Anyone who teases me for liking the New Yorker too much would have laughed and laughed watching me at the gym the week the magazine published Janet Malcolm's murder-trial procedural "Iphigenia in Forest Hills." Malcolm is a giant of long-form narrative nonfiction. She likes mythic-sized subjects—Freud, Sylvia Plath, Gertrude Stein, the US Senate, the cruelty of journalism itself. ("Every journalist who is not too stupid or too full of himself to notice what is going on knows that what he does is morally indefensible" is the first sentence of 1990's The Journalist and the Murderer.) Her magazine pieces, packed with icy wit and withering ethical certainty, are often just trimmed-down future books. They go on and on.

"Iphigenia in Forest Hills" is Malcolm's take on the trial of Mazoltuv Borukhova, an observant young Bukharan Jew (in Queens) who did or did not pay a hit man to murder her estranged husband after he got custody of their daughter. After 60 minutes, the bike at my gym stops automatically; it stopped, but I couldn't. The electronic menu cycled through post-workout stats, and I just kept sitting there, dripping like crazy, trying not to get sweat on the pages. Right when I was going to take a break, one of the characters, a lawyer representing the 4-year-old daughter, revealed himself to be crazy to Malcolm in a phone interview, and the way she revealed his craziness looked awesome on the page—simply a list of the crazy things he said.

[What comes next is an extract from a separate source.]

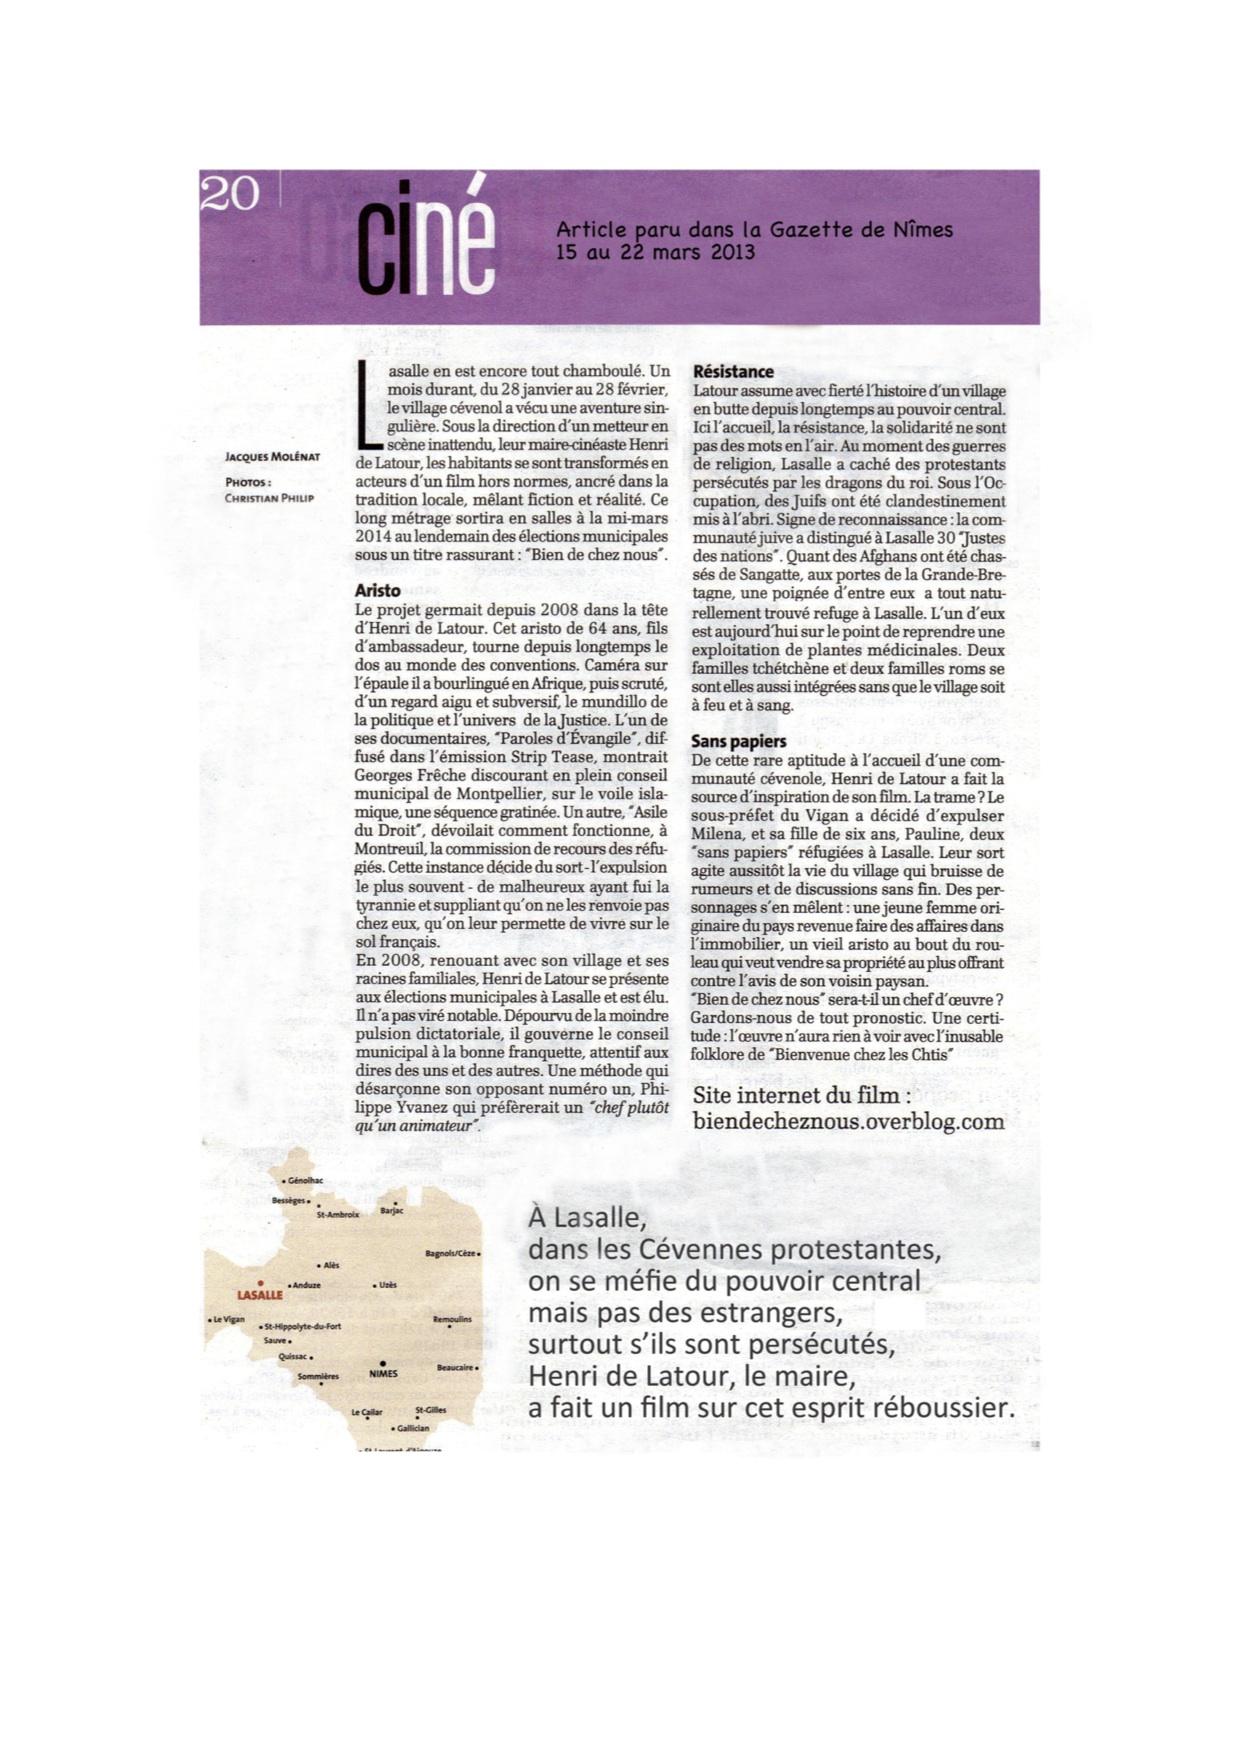 BDCN-gazette-nimes-25-mars-2013.jpg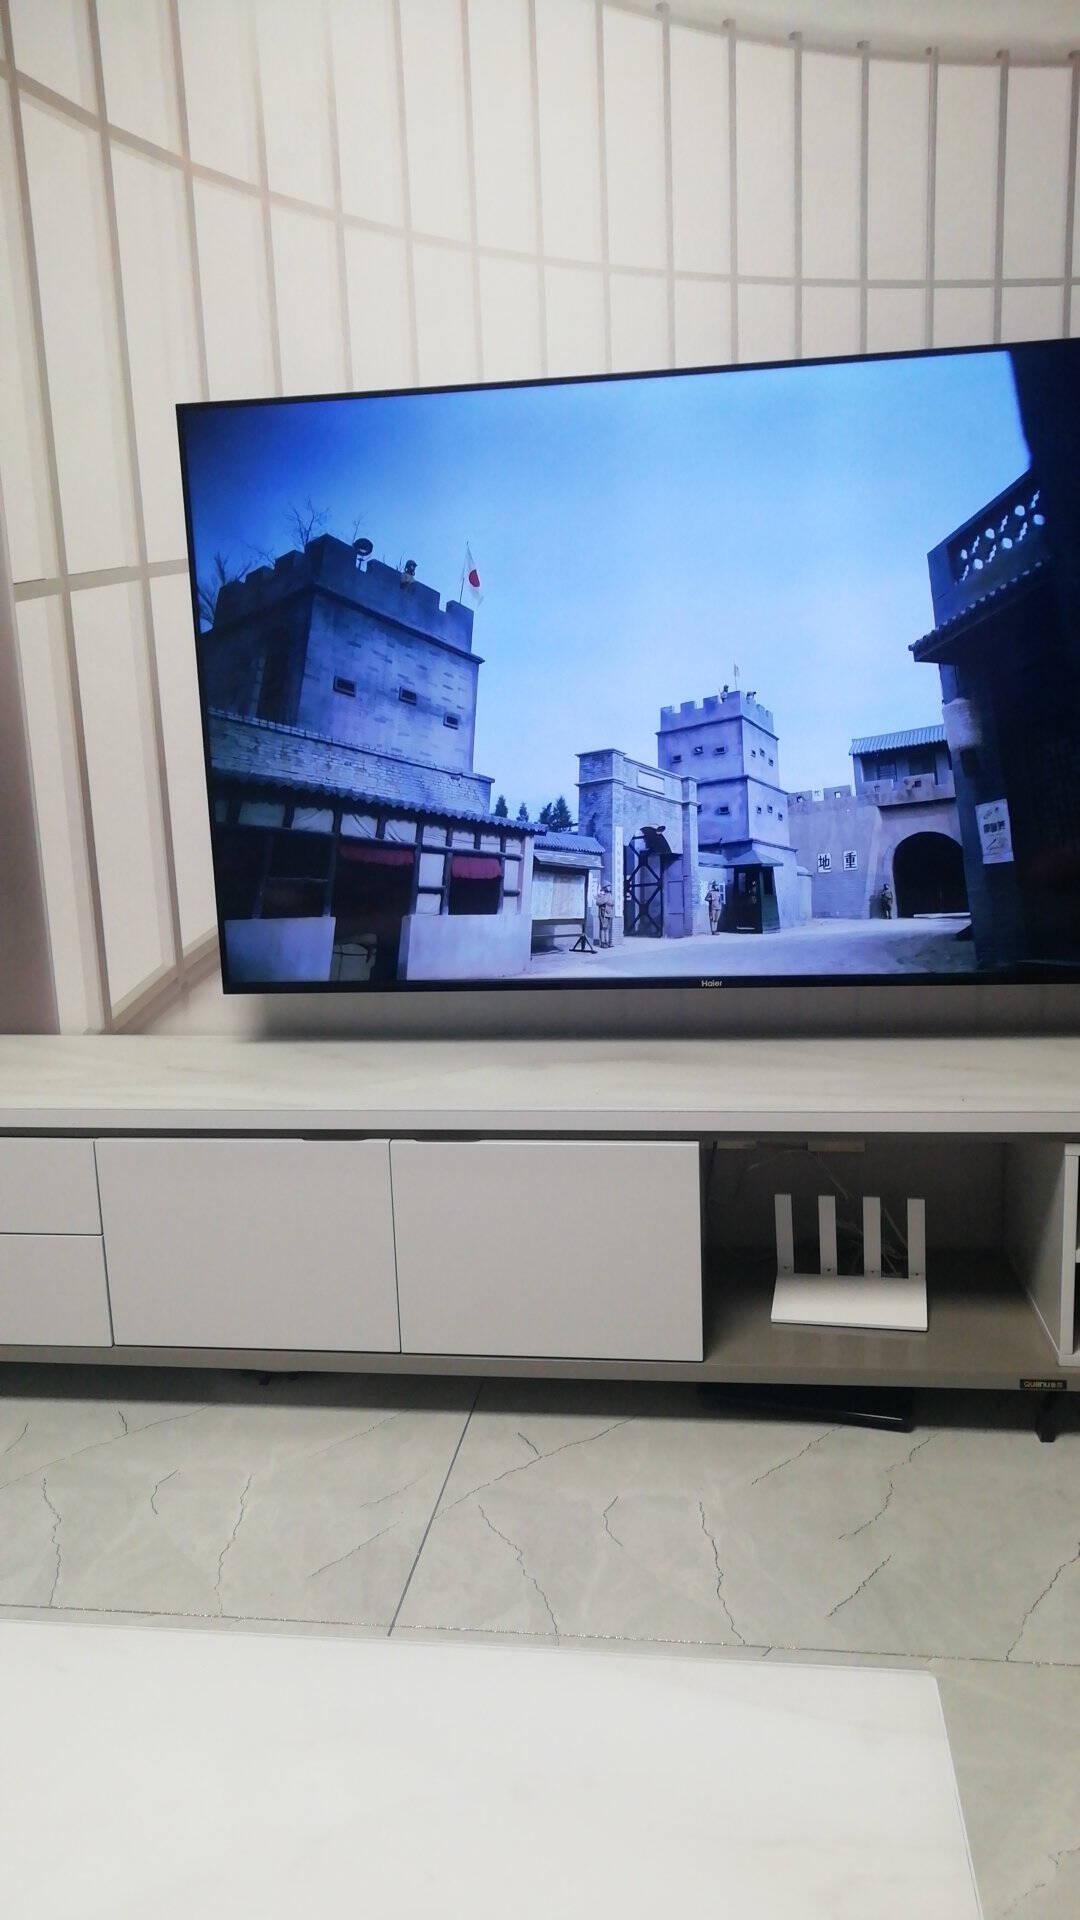 海尔(Haier)65V3165英寸超薄全面屏4K超高清人工智能语音遥控幼儿教育LED液晶电视(黑色)2+16G

"Then I did something I have never done before as a journalist," she wrote. "I meddled with the story I was reporting."

The thought of getting off the bike, showering, and walking home now seemed ridiculous, so I started pedaling again and went for another 60 minutes. (This is something I have never done before as a gym-goer.) Without giving too much away: Her reporter's notes become the basis for a motion in the trial.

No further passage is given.